Superannuation And Tax, What You Need To Know

Superannuation And Tax, What You Need To Know

Saving for your retirement is one of the most important things you can in you working life. With life expectancy growing and growing it is not strange for a person to reach late 80’s to mid 90’s and even people in their hundreds are becoming more and more common. Typical retirement ages are still around sixty to sixty five depending your type of employment, gender and country, which leaves you up to thirty years after retiring. To this one must add the fact that the population is becoming older and older and there are less people in working age to pay for the pensions of retired workers.
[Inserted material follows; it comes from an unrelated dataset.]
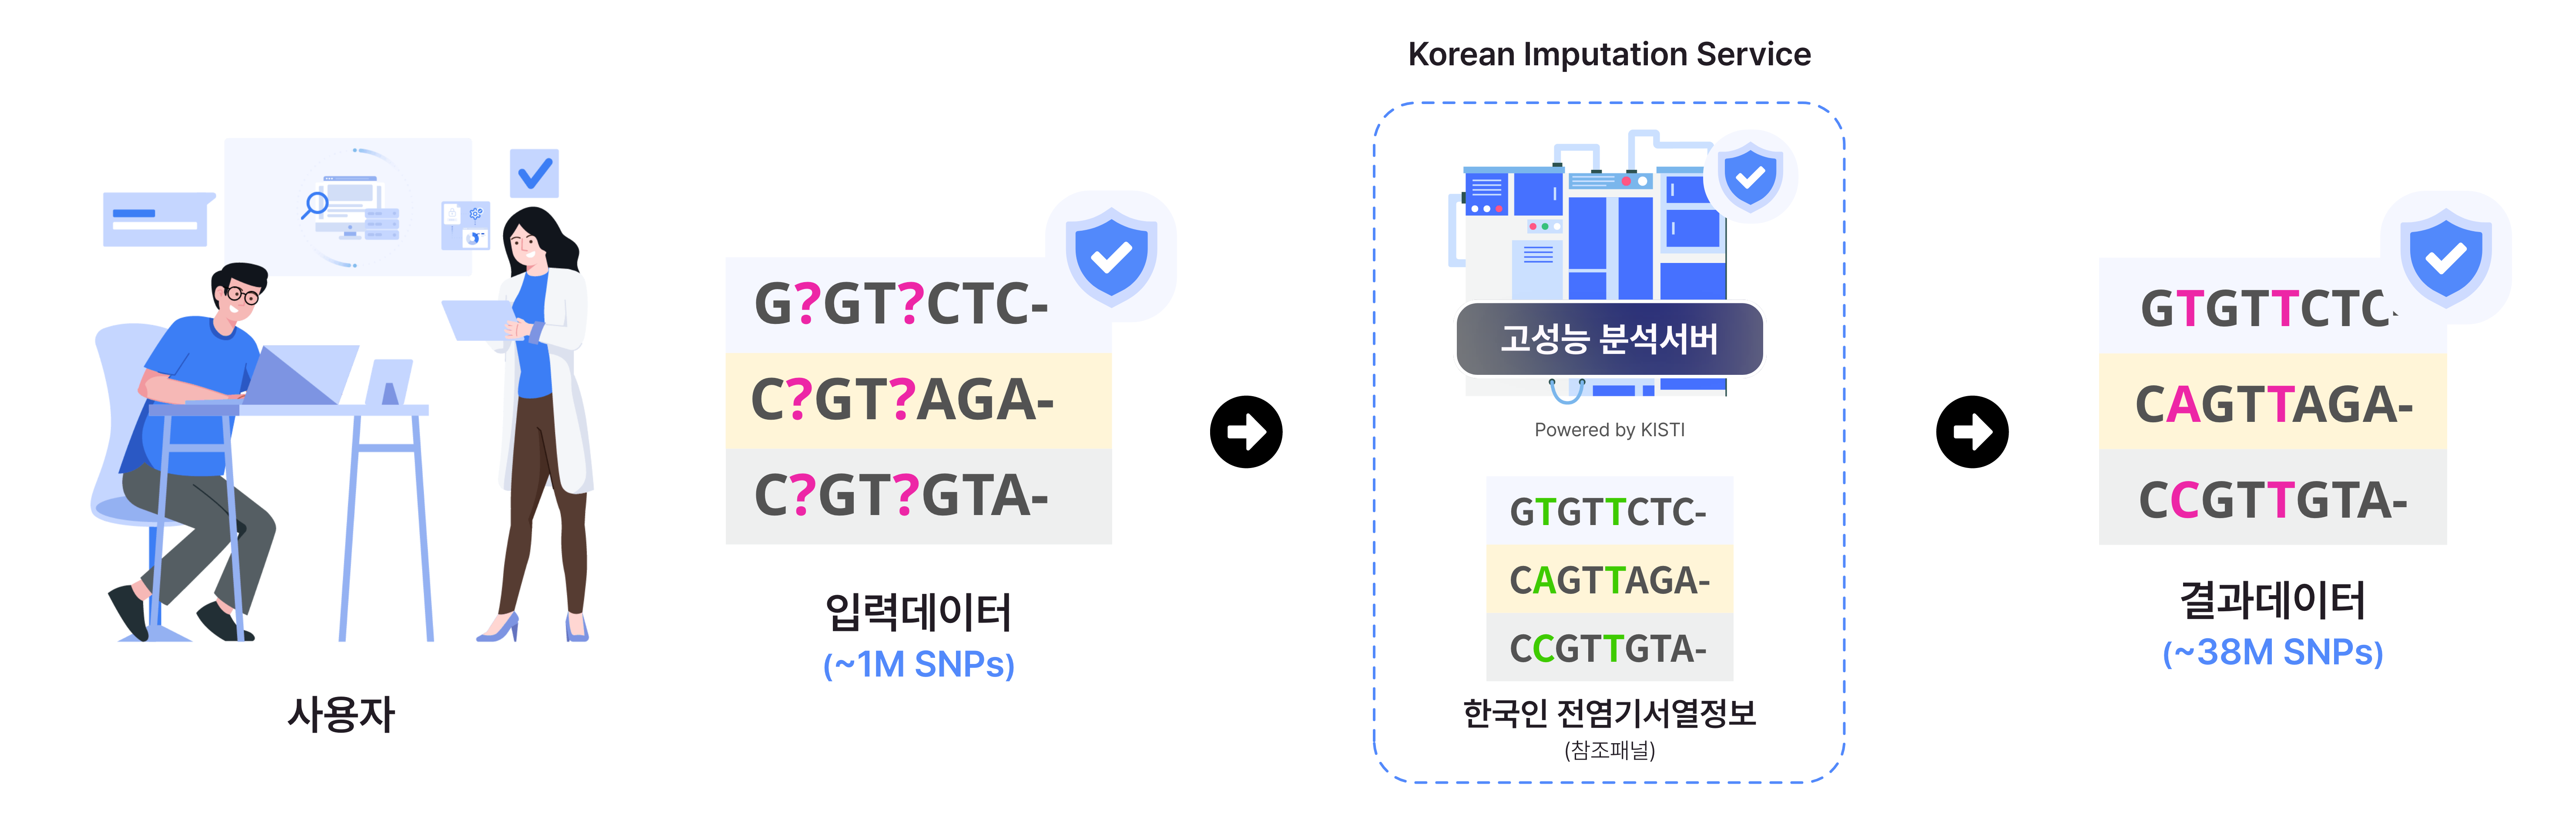 한국인 임퓨테이션 서비스 흐름도. 사용자가 유전변이 VCF 데이터를 업로드한 뒤, 분석옵션을 선택하고 잡을 서버에 보내면 한국인 임퓨테이션 패널로 유전변이를 확장하여 사용자에게 분석결과를 다운로드할 수 있게 하는 서비스

All of these factors make it very important for all of us to make the most of our pension fund. It is not only a matter of surviving during your retirement but having enough spare cash to travel, some of the little luxuries of life or just buy some presents for the grandchildren. Unless you are independently wealthy  the only way you are going to have to save the old fashioned way, that is, early and often in order to have enough for when you retire.

A significant amount of your super contributions will go toward tax so it makes sense to work out how much you are going to pay towards tax, how to pay it and how to minimize your tax costs.

Paying the tax on superannuation is a relatively easy operation as most of the steps are automated by the system. There are three main factors that determine how much tax you will be obliged to pay.

You will need to know:
1)    What part of your super payout is taxable and what is tax free.
This will depend on where you work and what type of accounts you have paid into to build up your super. If you have worked for the government you might have received tax free super contributions. You might also have received tax free payments or payments where the tax has already been paid if you have been a member of a different super or pension fund. Whatever the case you can find out by asking your super fund managers what component of your super is still taxable.

2)    The age at which you receive the super payout.
The whole purpose of a super is to help you save for your retirement not earlier. The older you are and especially if you are in pensionable age will determine (among other factors) how much tax you pay.

3)    The payment type you choose.
When you receive a super payment you can choose to get the lump sum and invest it / use it as you wish or receive it as a monthly payments just like a regular pension. If you choose to receive it regularly you allow the super fund to continue investing your pending lump sum reducing the tax rate you will have to pay.